Crest Nicholson's (LON: CRST) turnaround plan under its new Chief Executive has prompted RBC Capital to upgrade the stock to Outperform.
In a recent note, analysts at the bank highlighted a potential upside scenario of 420p per share by FY2029 if the company achieves its medium-term return on capital employed (ROCE) target of 13%.
RBC described Crest Nicholson as having had all the right components for success but “playing them in the wrong order.”
However, with operational challenges now largely behind it, the analysts believe the company has a clear path to improving volumes, margins, and returns.
The note points to Crest's “mid-premium” repositioning strategy, which focuses on homes with larger rooms, higher ceilings, and superior specifications—a move that aligns it more closely with Redrow’s business model.

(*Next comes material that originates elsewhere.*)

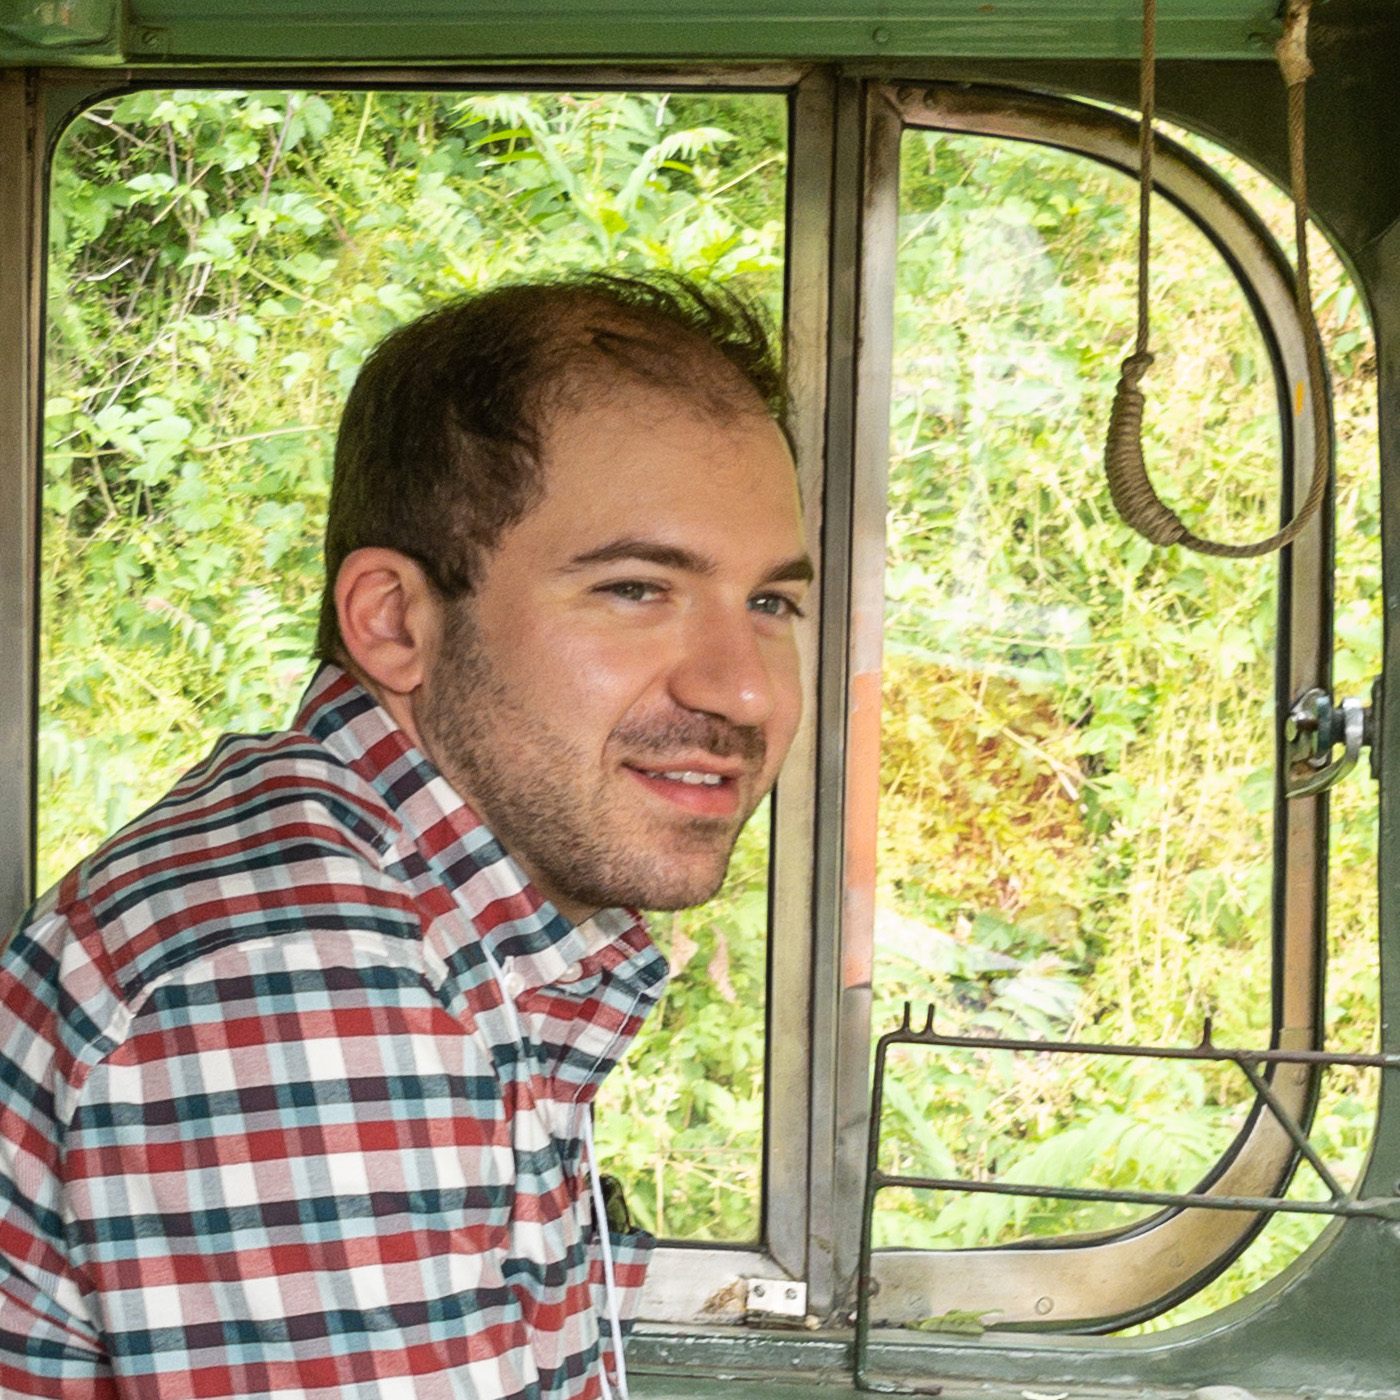 Photo of Doug, a white man in his 30s with short brown hair and brown stubble, in the operator's seat of a vintage PCC streetcar

“Rather than try to build all homes for all people, it is focused on those with more money who are able to afford some of the finer things in life,” RBC noted.
While the analysts acknowledge Crest Nicholson’s conservative ROCE target relative to some of its peers, they suggest “risks to the upside.”
“If Crest is on track to reach its medium term ROCE target of 13% the shares are, in our view, significantly undervalued,” stated the bank.
However, RBC flagged concerns about landbank margins and strategic land, stating that “the CMD did not allow us to kick the tires as much as we’d like.”
The analysts believe either margin and return guidance is too low or embedded margins are not as strong as they appear.
To reflect these “known unknowns,” RBC’s price target is set at 230p (up from 180p), but the note implies that if execution is successful, a much higher valuation could be justified over the long term.